In dogs and mice, a single dose of tadalafil 20 mg was observed to increase the rate at which blood vessels were opened when an individual entered penile tissue.


Tadalafil is a selective phosphodiesterase-5 inhibitor used for erectile dysfunction. It inhibits the PDE5 enzyme, and increased levels of nitric oxide are released by vascular smooth muscle cells. The vasodilatory mechanism of tadalafil was investigated.


The results of an 8-week, randomized, double-blind, placebo-controlled study were analyzed. Thirty-six male dogs and 6 male mice were randomized into control, pro-bono, high-dose placebo-controlled studies. Dose size was measured after administration using duplex ultrasound. At 8 weeks, whooping girth measurements were done. The blood pressure and postoperative erections were measured.
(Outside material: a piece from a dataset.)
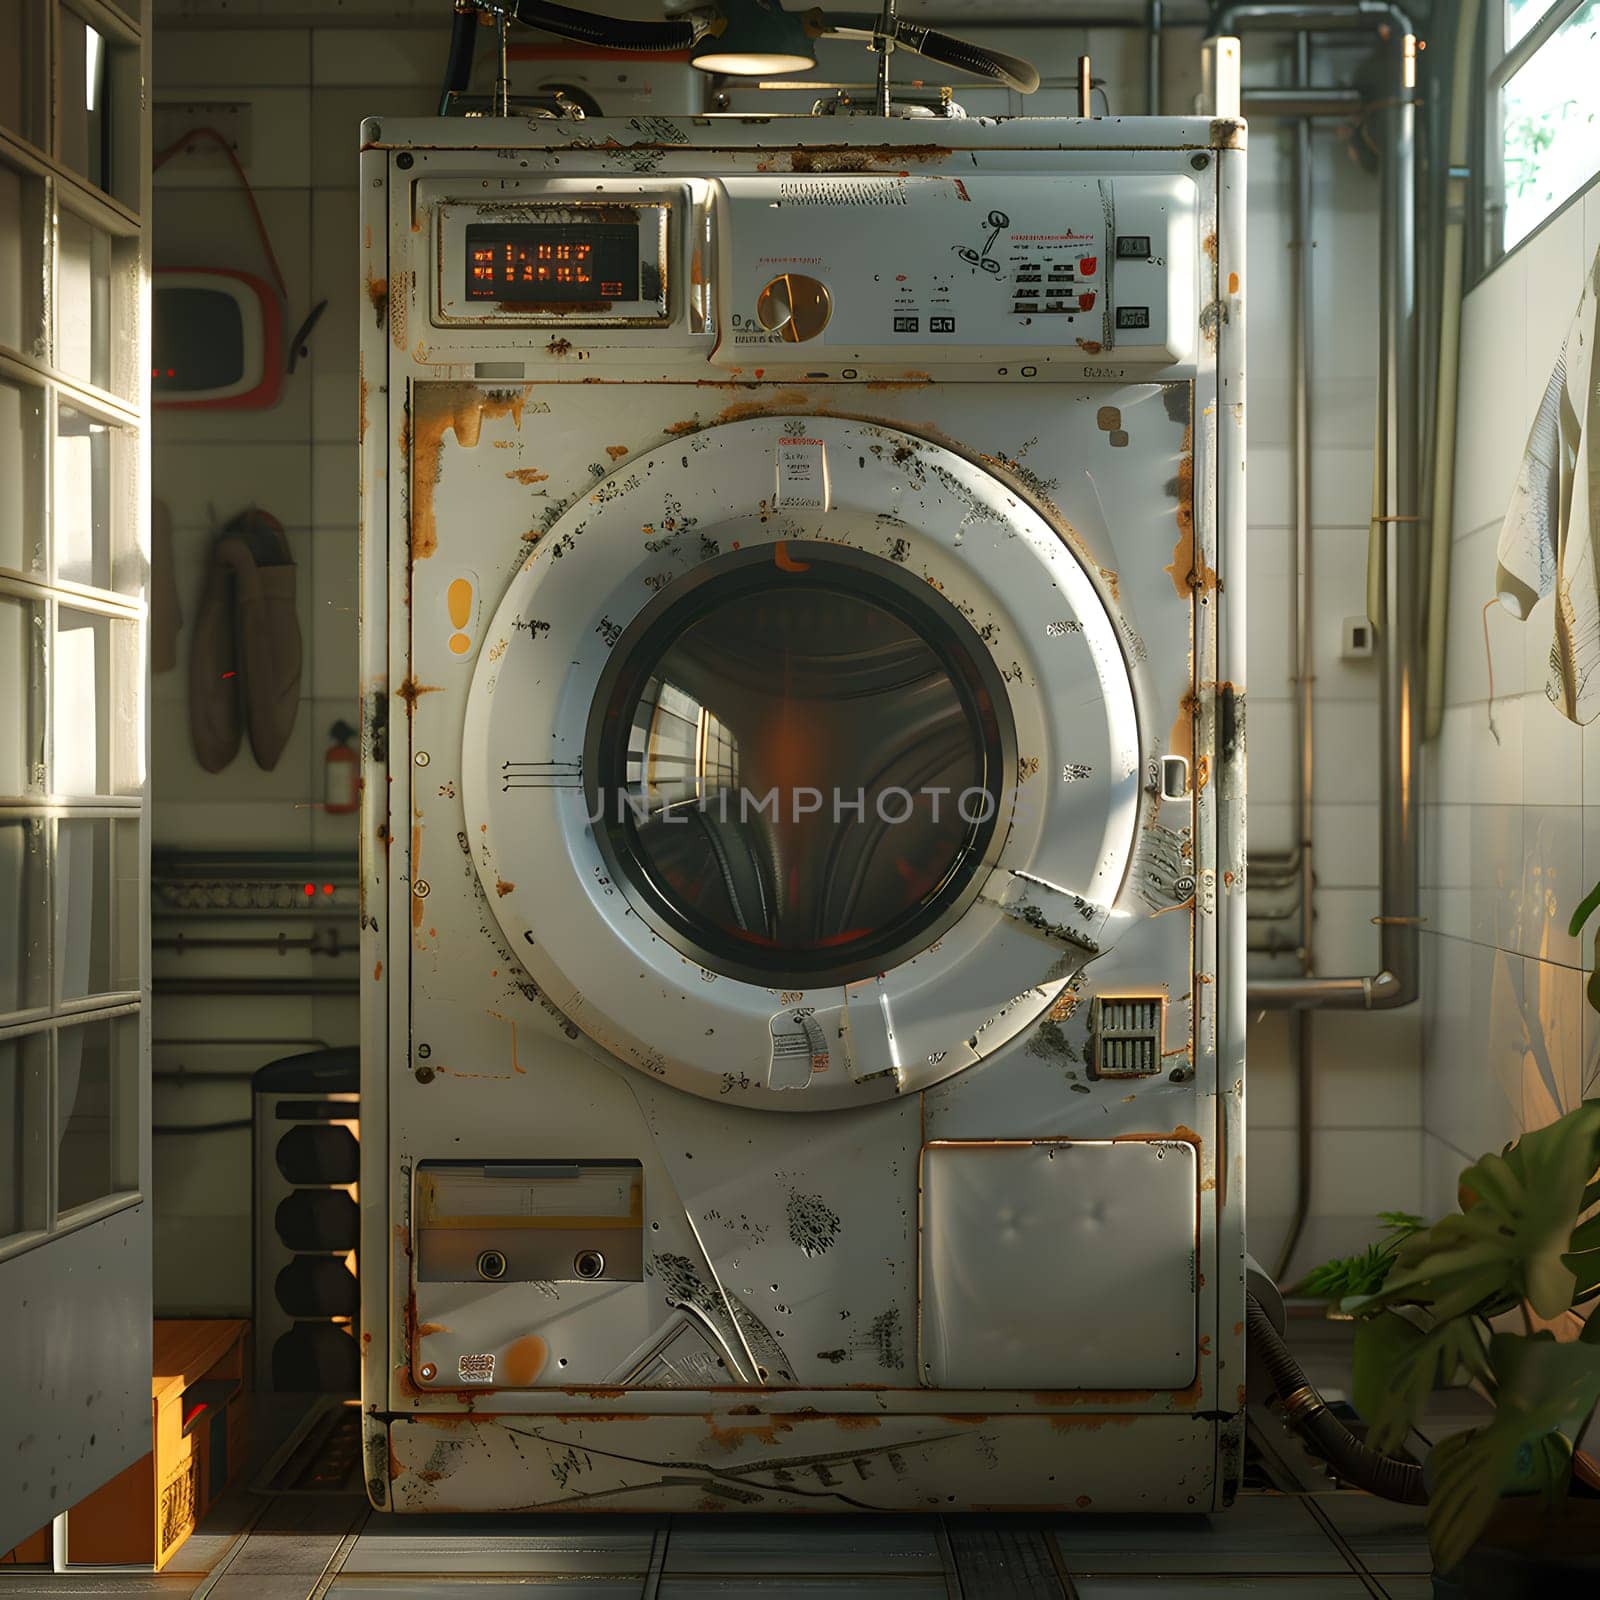 A filthy washing machine, comprised of a steel circle and rectangle, features a digital display reading 1212. It may need maintenance or repair by engineering and plant professionals

Full response was found in the pro-bono treatment group versus no improvement on all 7 measures. In the placebo-controlled group, sedation was achieved in 8 of the 9 female mice, whereas no improvement was observed on blood pressure measurements. Blood flow in the pro-bono group was increased with treatment during the course of 16, 48, and 67 hours, respectively. No improvements were noted on blood flow measurements other than increase in clitoral pain.


Tadalafil was safely and effectively used in the distribution of erectile dysfunction and exercise maintenance program to improve sexual activity and male reproduction.